The AICBEF is demanding that the Government:

set apart at least $50 billion (Rs 2,35,000 crore) from out of the forex reserves of around $400 billion for construction of dams and other agriculture infrastructure facilities, such as roads, transport facilities, godowns, supply of mechanical and electrical implements for farm operations;

disburse credit at not more than 4 per cent to farmers through institutional finance; and

keep at least 25 per cent of the surplus in Central and State government organisations as deposits in cooperative banks for resource mobilisation.

According to Mr Balakrishnan, “Though the national policy on agriculture is progressive, certain issues on the infrastructure front are causing a severe setback in achieving the production target. The rural development expenditure as a percentage of net national product doubled to 4 per cent in 1978 from 2 per cent in 1971 but thereafter dwindled to 2.5 per cent from the early part of this century.

“Laxity in giving protection to farmers combined with reduction in public investment in rural areas and relatively low levels of investment in agricultural research and infrastructure have contributed to the agrarian crisis gripping the economy.”

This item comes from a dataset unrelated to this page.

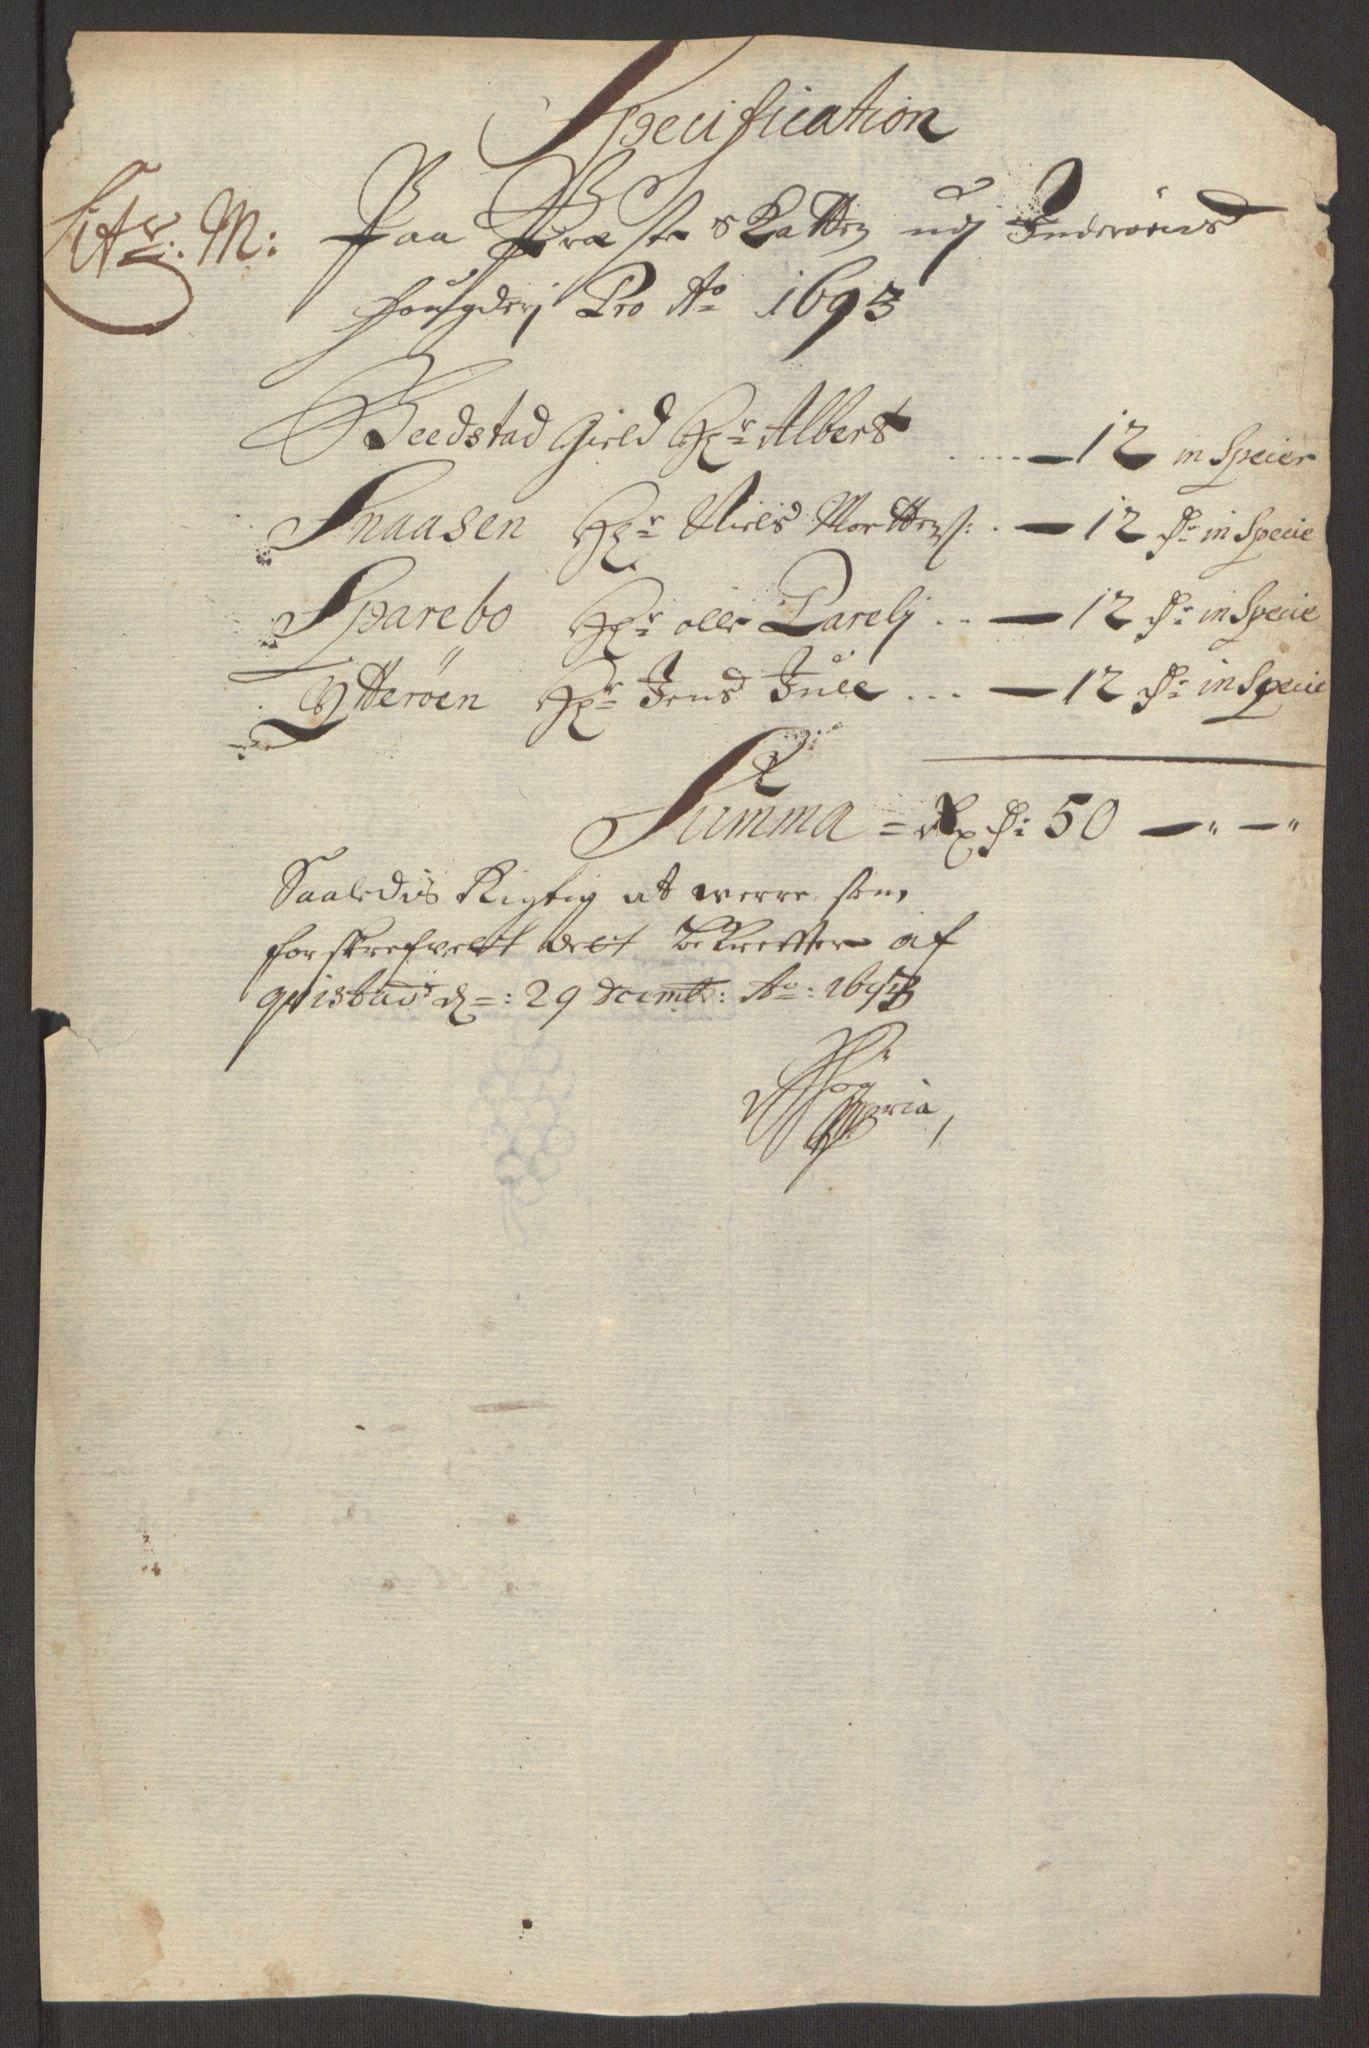 RA, Rentekammeret inntil 1814, Reviderte regnskaper, Fogderegnskap, R63/L4308: Fogderegnskap Inderøy, 1692-1694, s. 509
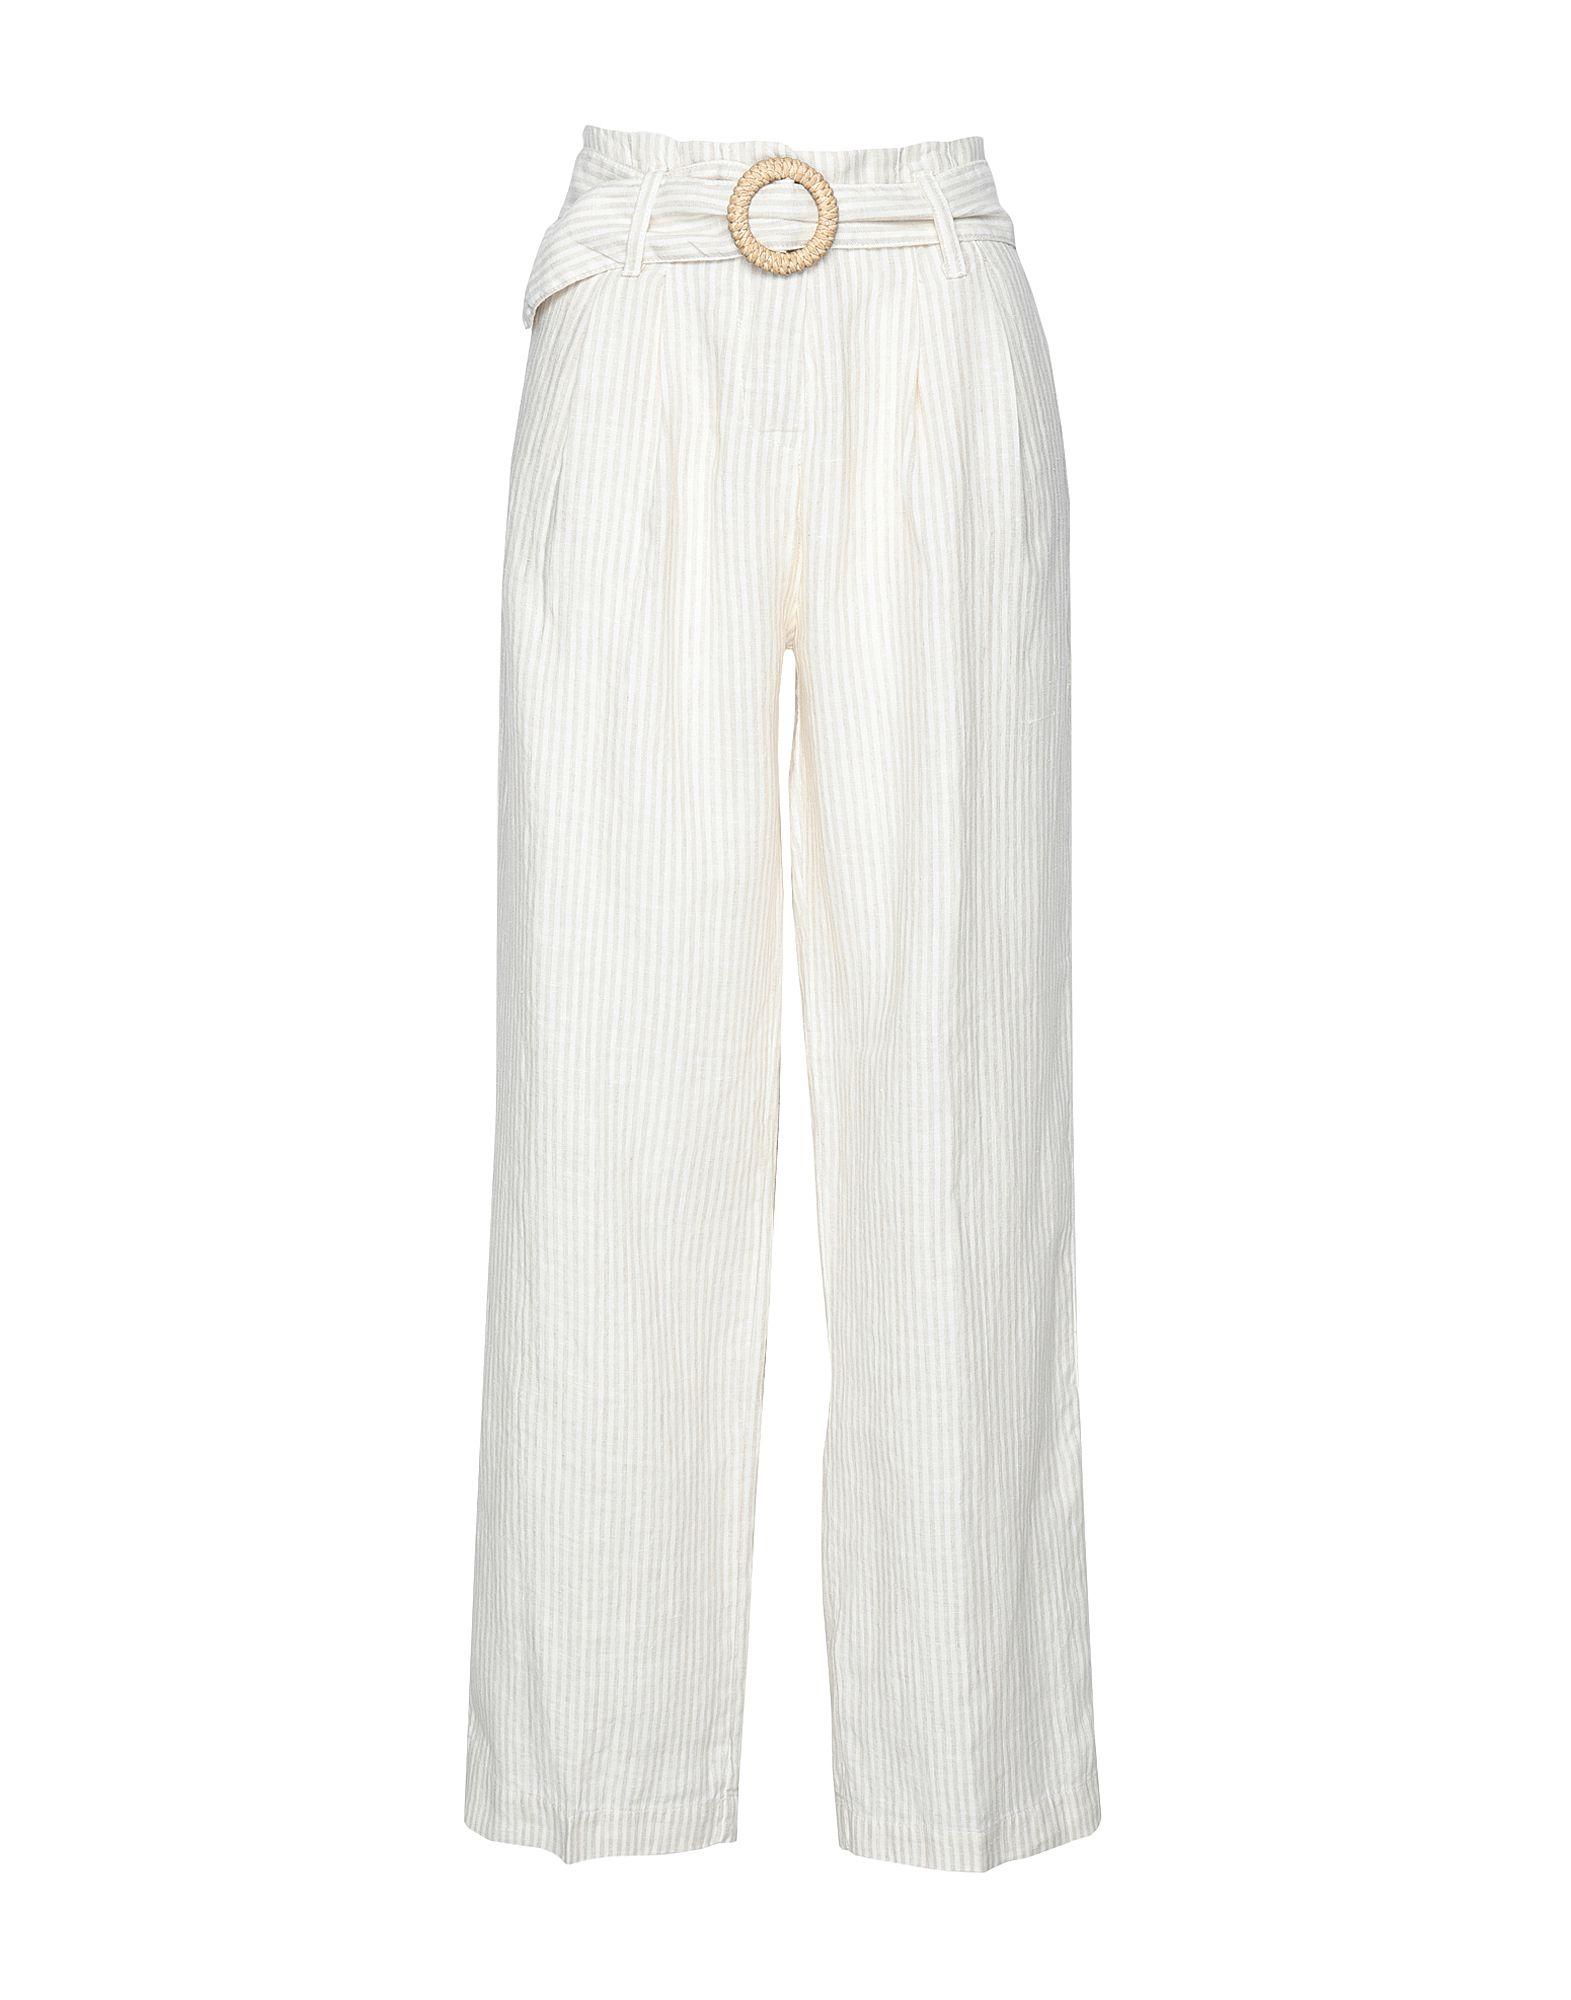 8 by YOOX Повседневные брюки машинка для стрижки волос scarlett sc hc63c07

This, coupled with poor storage facilities, inadequate transportation for carrying harvested foodgrains, no modern techniques and excessive reliance on manpower for cultivation purposes have further aggravated the situation.

“The per capita net availability of foodgrains has dropped from 183.6 kg/year in 1997 to 180.4 kg/year in 2002 and further down to 162.1 kg/year in 2009.

“While the population growth is 1.9 per cent, the rate of growth in food production is lower at 1.67 per cent.

“Agricultural productivity can be increased only by improving agriculture infrastructure, else, the future population of the country would suffer for want of food,” he reiterated.

Loan formalities

Mr Balakrishnan also said that there were numerous formalities and number of bottlenecks in sanctioning of loans to farmers, mainly by the cooperatives.

“A farmer finds it extremely difficult to get the loan at the appropriate time. As a stopgap arrangement, he seeks assistance from usurious moneylenders. If the farmer is assured of an option for borrowing with available insurance services, he will be able to concentrate on risky but efficient investments.

“Instead of providing more funds for subsidies, the Government should consider allocating more funds for infrastructure development and commercially viable technological innovations. Cooperative banks should be allowed to play a major role in providing agriculture credit,” he added.

Farm credit is increasingly being used as a political weapon to outwit the rivals in the political scenario in different States, he said, and called for a halt to this practice.